**GIVEN INFORMATION**
-- -- --

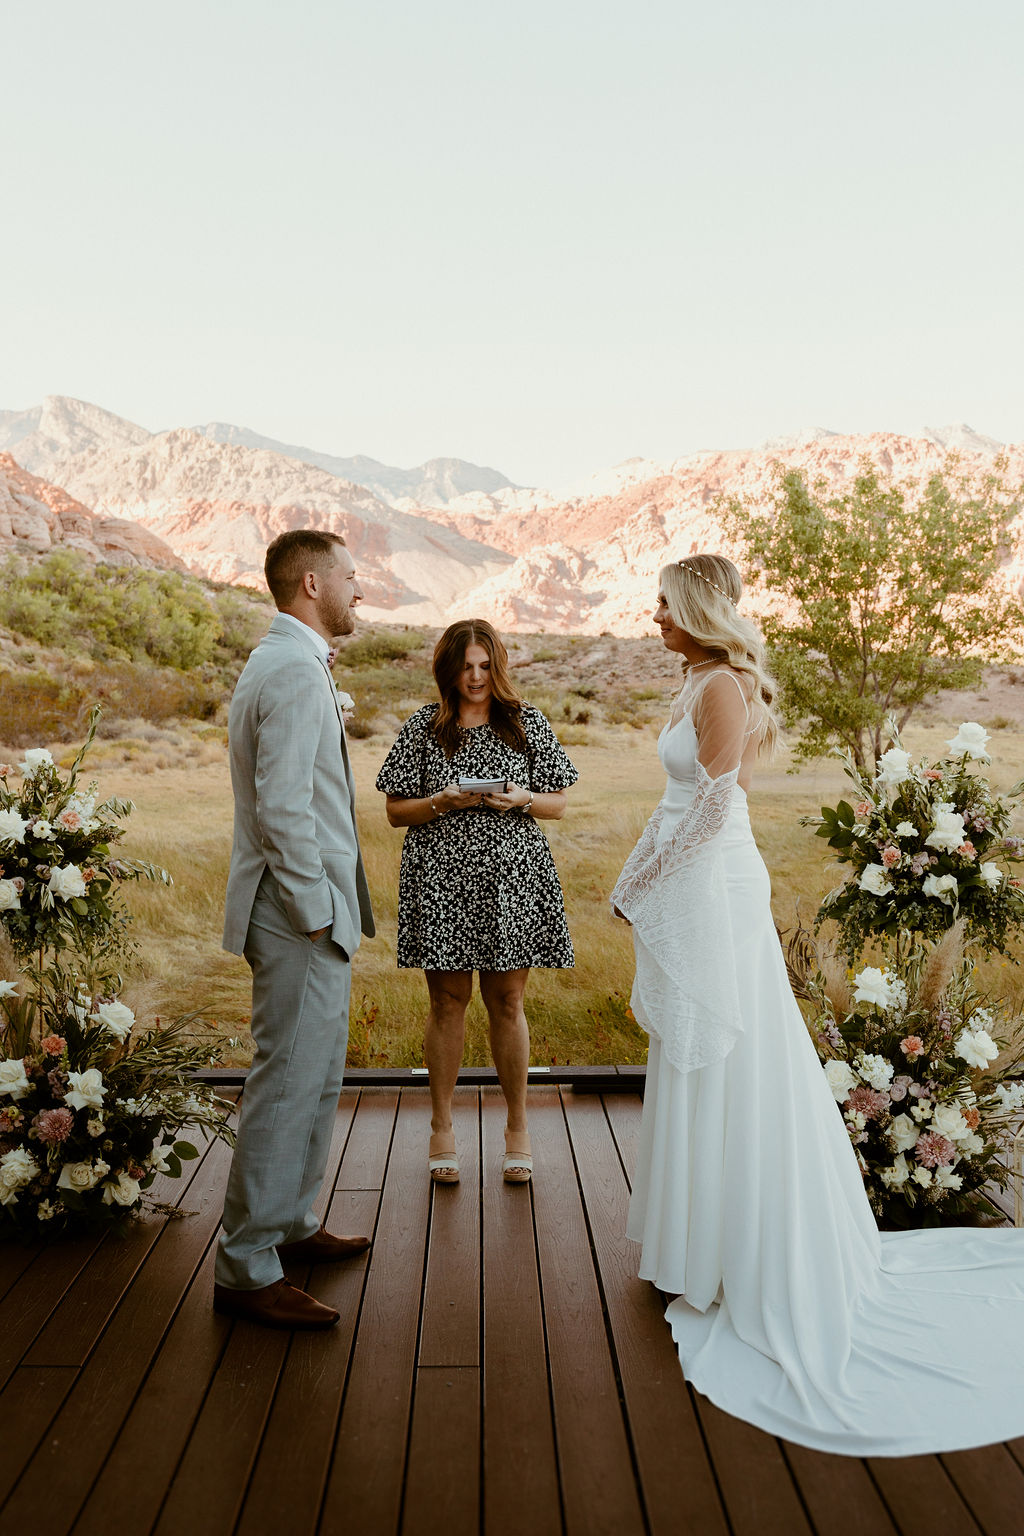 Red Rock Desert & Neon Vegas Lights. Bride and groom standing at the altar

-- -- --

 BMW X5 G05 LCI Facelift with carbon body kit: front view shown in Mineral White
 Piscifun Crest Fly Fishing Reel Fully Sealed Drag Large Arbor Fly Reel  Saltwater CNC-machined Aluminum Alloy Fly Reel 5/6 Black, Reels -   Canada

-- -- --

**TASK DESCRIPTION**
From the entries above, write out only the lines starting at the line that holds "BMW X5 G05 LCI" and ending at the line that holds "Piscifun Crest Fly", keeping both and matching them exactly.

**SOLUTION TO THE PROBLEM**
 BMW X5 G05 LCI Facelift with carbon body kit: front view shown in Mineral White
 Piscifun Crest Fly Fishing Reel Fully Sealed Drag Large Arbor Fly Reel  Saltwater CNC-machined Aluminum Alloy Fly Reel 5/6 Black, Reels -   Canada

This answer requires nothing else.